推论：CCR 的架构依赖是GitHub 的代码拉取 + Claude.ai 账户身份 + 企业 policy 审批——不是独立的容器拉起，而是 GitHub integration + Anthropic 侧的运行时。这是一个 SaaS 集成，不是纯技术隔离。

启动一个 remote agent

// AgentTool.tsx 第 433-457 行
if (effectiveIsolation === 'remote') {
  const eligibility = await checkRemoteAgentEligibility()
  if (!eligibility.eligible) {
    const reasons = eligibility.errors.map(formatPreconditionError).join('\n')
    throw new Error(`Cannot launch remote agent:\n${reasons}`)
  }

  const { sessionId, taskId, ... } = registerRemoteAgentTask({
    remoteTaskType: 'remote-agent',
    // ...
  })
  // ...
}

启动后用户可以通过 getRemoteTaskSessionUrl(sessionId) 拿到一个 URL 看这个 agent 跑得怎样（在 claude.ai 上）。

Remote 的三个关键属性

永远 run_in_background: true——CCR 是异步的，主 agent 不等
独立 session——remote agent 有自己的 sessionId，脱离主 agent 的 transcript
通过 WebSocket 回传——remote/SessionsWebSocket.ts + remote/RemoteSessionManager.ts——主 agent 通过 WS 拿到子 agent 的进度和结果

这不是一个 exec-and-wait 模式，是消息驱动的分布式 agent 架构。

Bash 的进程级沙箱

和 isolation 正交的一层：Bash 工具本身的进程隔离。依赖外部 NPM 包 @anthropic-ai/sandbox-runtime。

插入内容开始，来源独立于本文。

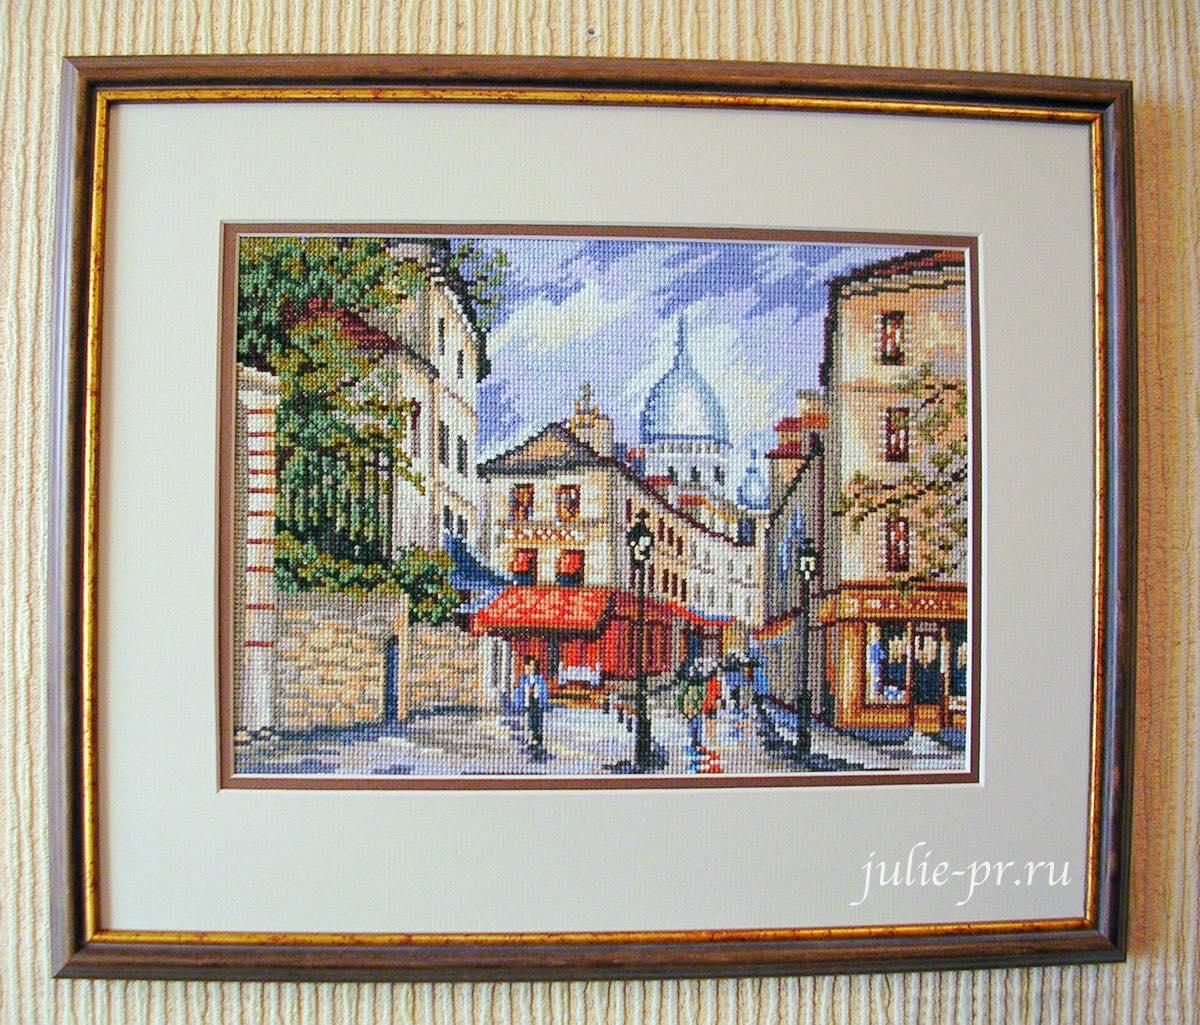 Парижская улица, Монмартр, Париж, вышивка крестом, журнал Чудесные мгновения

macOS: Seatbelt (sandbox-exec)

Apple 内置的 sandbox-exec（Seatbelt）
写入权限限于 cwd 和 /tmp
网络默认拒绝，显式开启后按 host 过滤
零安装开销，macOS 出厂就有

Linux: bwrap + seccomp + socat

三个独立依赖（源码 SandboxDependenciesTab.tsx）：

apt install bubblewrap      # bwrap：文件系统隔离（不是 Docker，更轻量）
apt install socat            # socat：网络代理，做 per-host 允许/拒绝
npm install -g @anthropic-ai/sandbox-runtime   # 提供 seccomp BPF 过滤器

seccomp BPF 是关键——不装就有漏洞。源码 diagnostic 里明说：

seccomp filter: not installed (required to block unix domain sockets)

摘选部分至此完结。